The sell-off in U.S. stocks may get uglier as President Donald Trump’s trade war escalates at a time when the market is far from cheap, RBC Capital Markets says.
A 10% correction of the S&P 500 Index from its April peak to 2,650 is becoming more likely, according to strategist Lori Calvasina. The equity gauge is about 4% above that level. Investors should take a more defensive stance, with the firm upgrading utility shares, while cutting its recommendation on commodity producers, she said in a note to clients Friday.
Should the index retreat to 2,650, that would erase half the gains from the market’s post-Christmas rally and mark the second time in less than a year that equities suffer a 10% correction.

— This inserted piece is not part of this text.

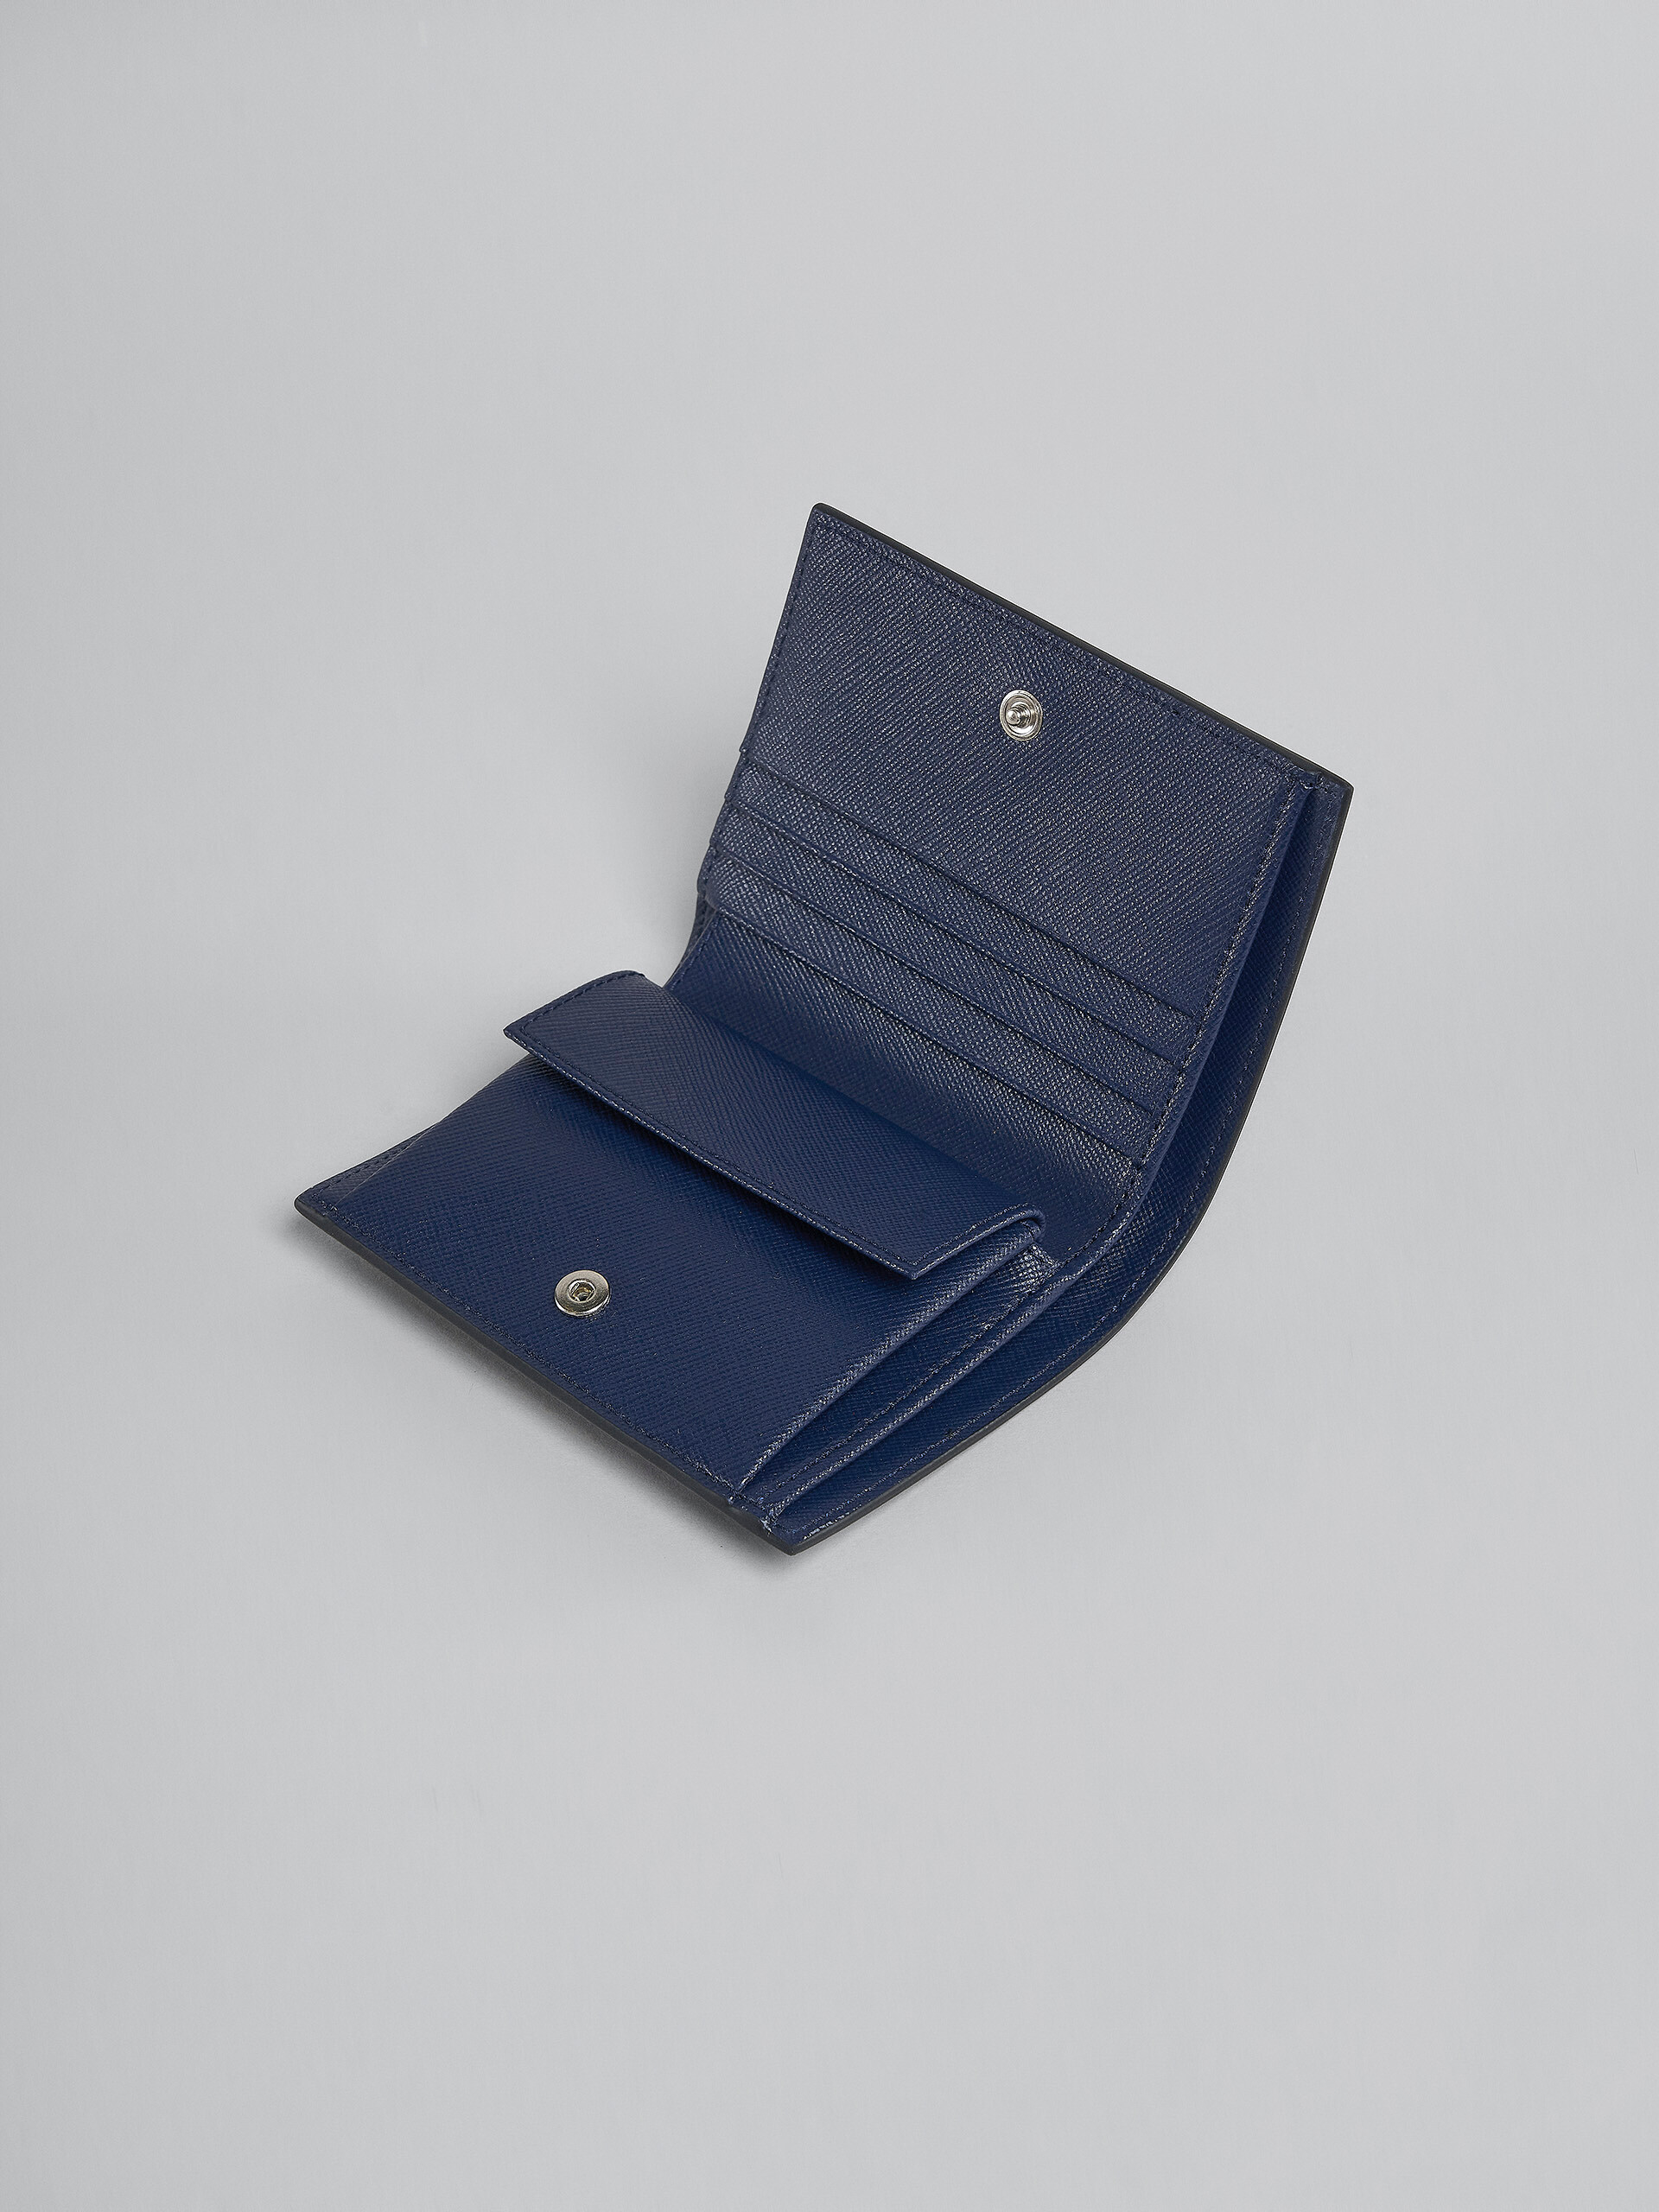 Portafoglio bi-fold in pelle saffiano nera - Portafogli - Image 4

About two weeks ago, I talked about how the 2800 on the S&P 500 was a critical level and how the S&P 500 was showing weakness for the first time since December. The reason why the 2800 level is a very critical level because it served as previous support/resistance.
However, the chart suggests if the daily demand at 2800 was breached, price will head to the next zone at 2630.
Since that time price has breached the 2800 level and now sits at 2750.
But when it breached the daily demand zone at 2800, it formed a daily supply zone, increase the probability of more downside to the 2630 level.
This post is my personal opinion. I’m not a financial advisor, this isn’t financial advise. Do your own research before making investment decisions.